■ **Collected data**
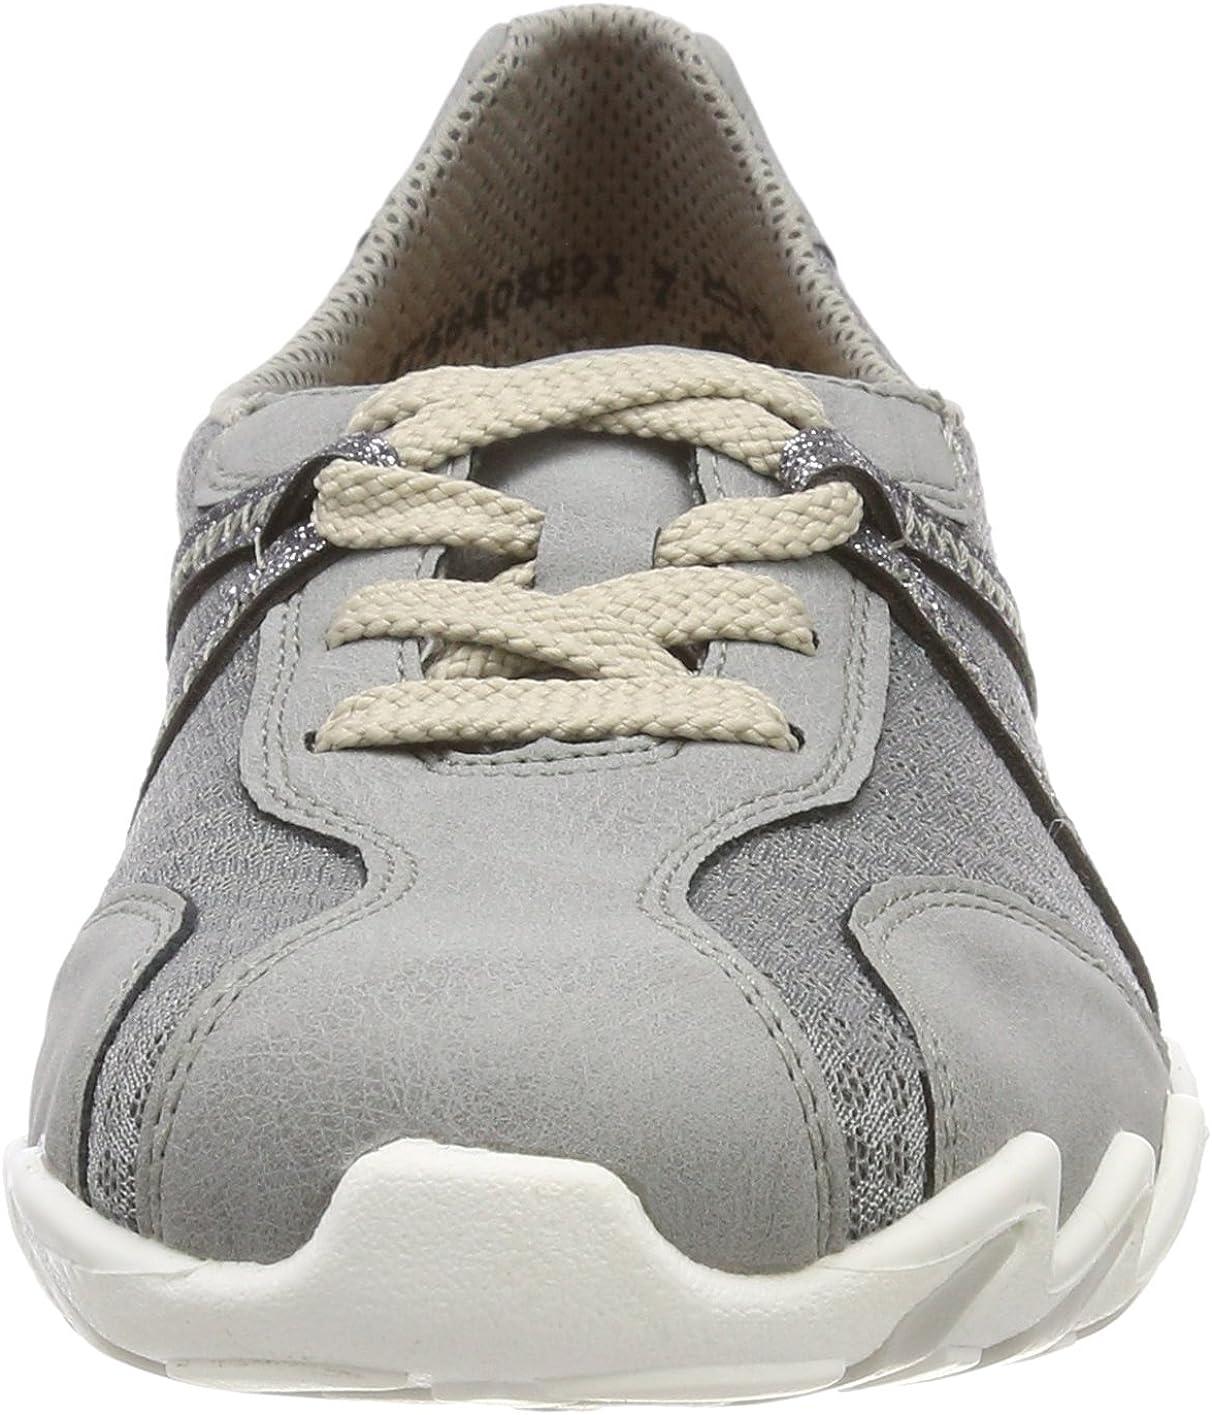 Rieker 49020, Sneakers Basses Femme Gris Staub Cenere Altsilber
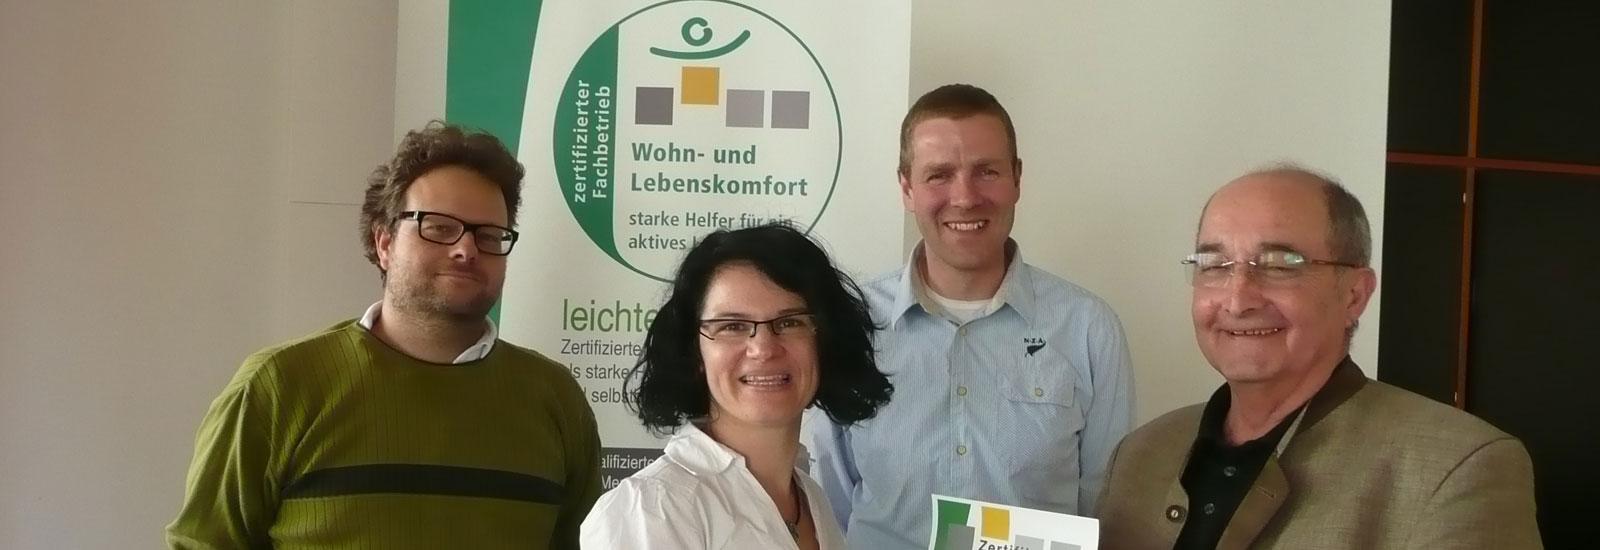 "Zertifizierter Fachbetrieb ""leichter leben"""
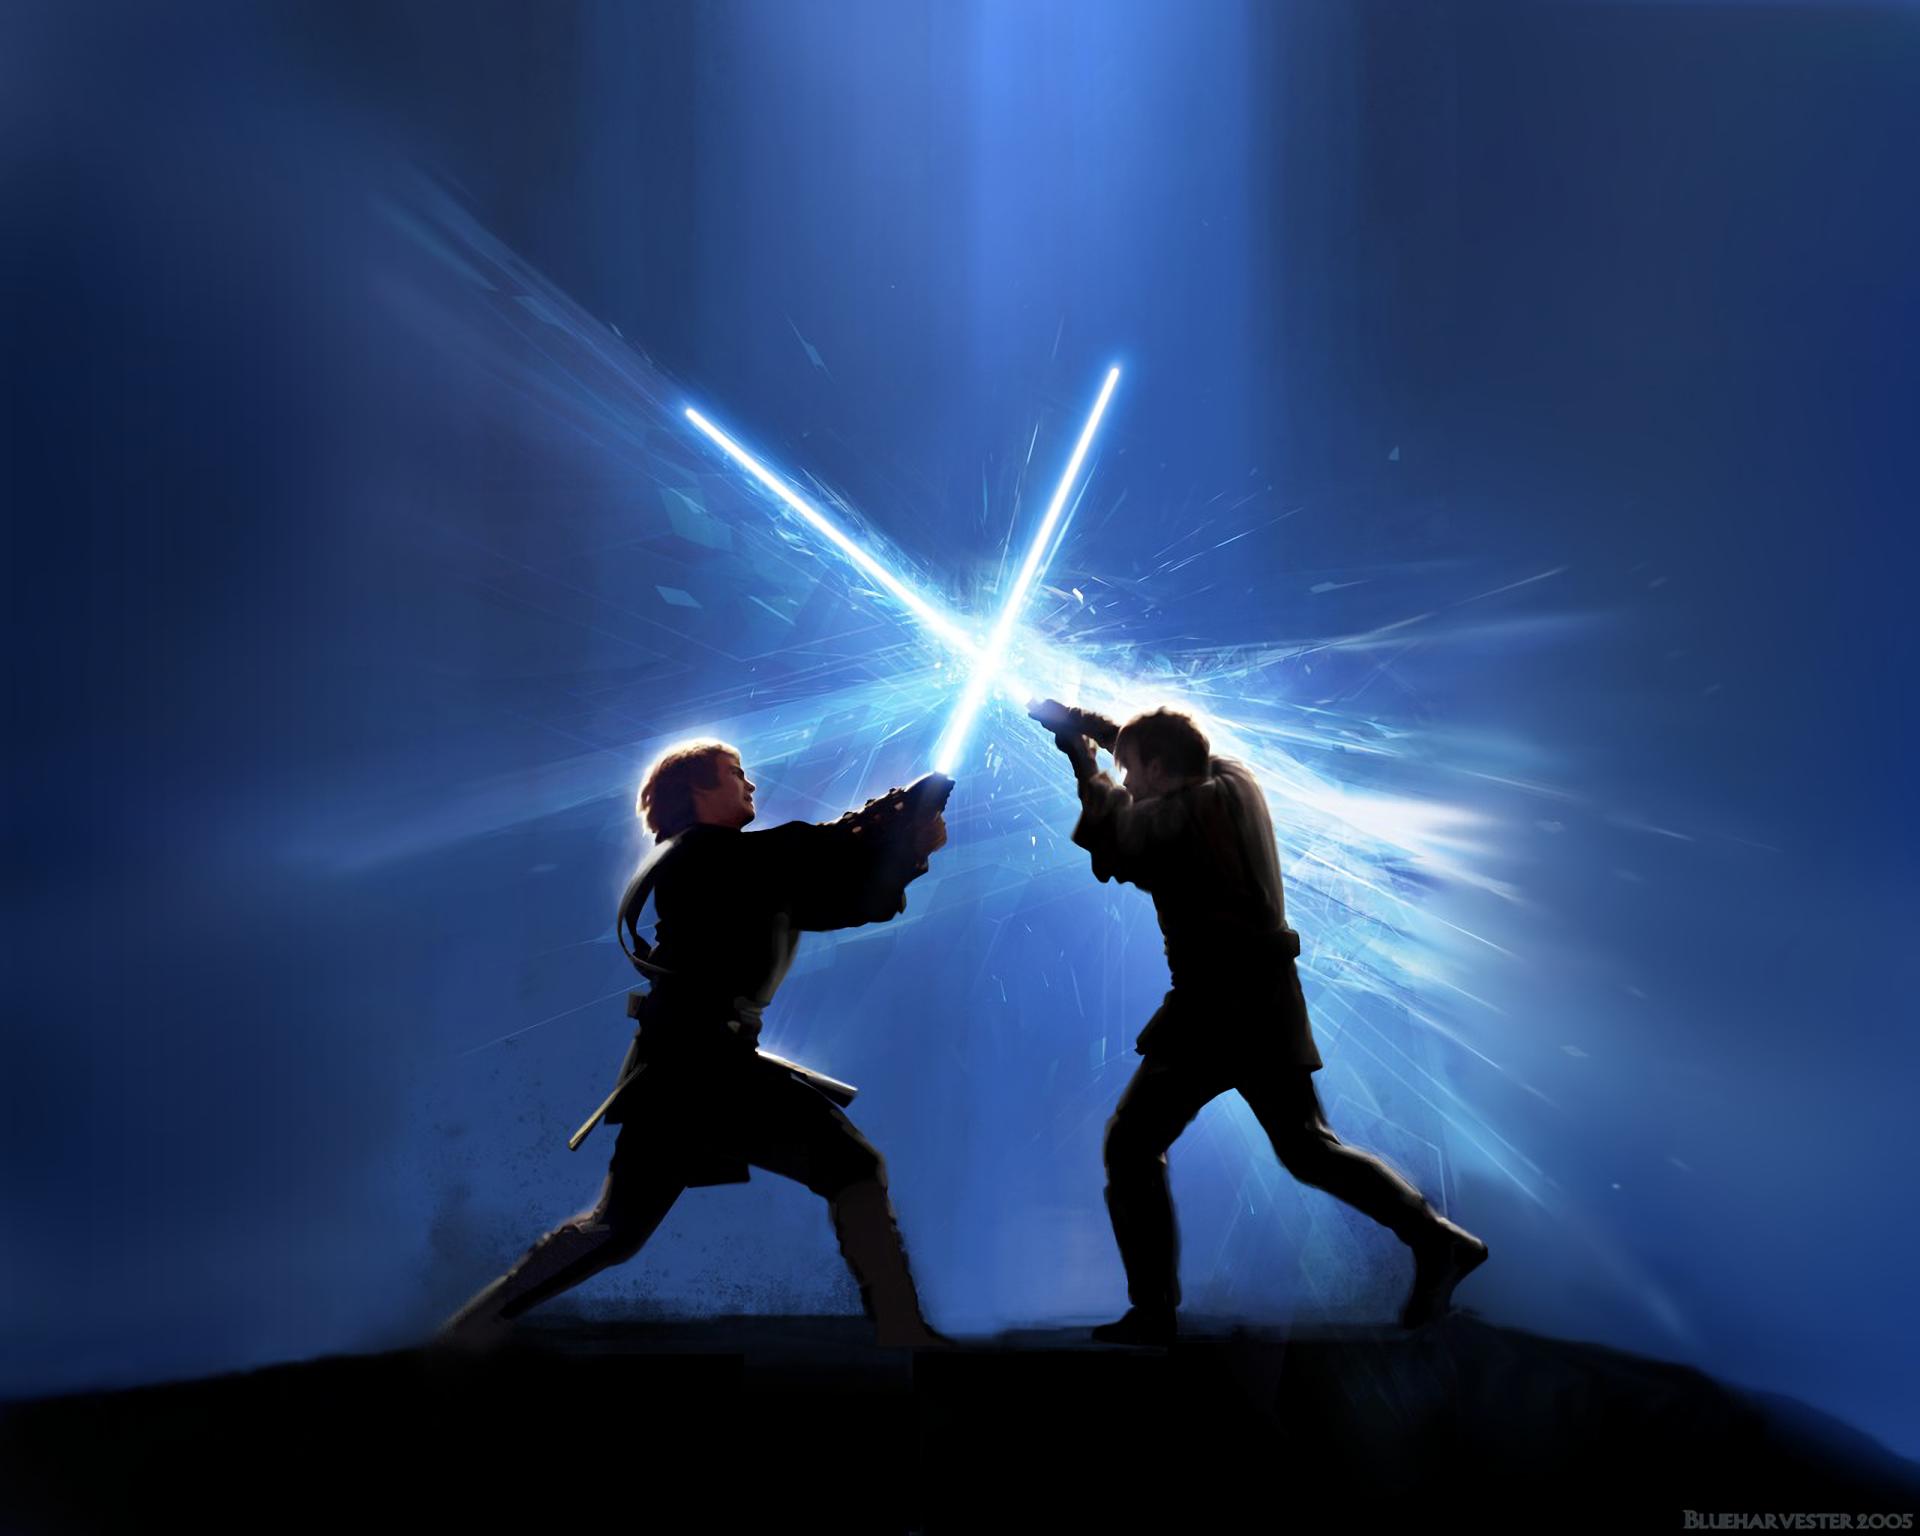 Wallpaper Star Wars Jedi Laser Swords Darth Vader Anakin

■ **What is needed**
The material is to be written out word for word, and the pictures are to be left out.

■ **Reply**
 Rieker 49020, Sneakers Basses Femme Gris Staub Cenere Altsilber
 "Zertifizierter Fachbetrieb ""leichter leben"""
 Wallpaper Star Wars Jedi Laser Swords Darth Vader Anakin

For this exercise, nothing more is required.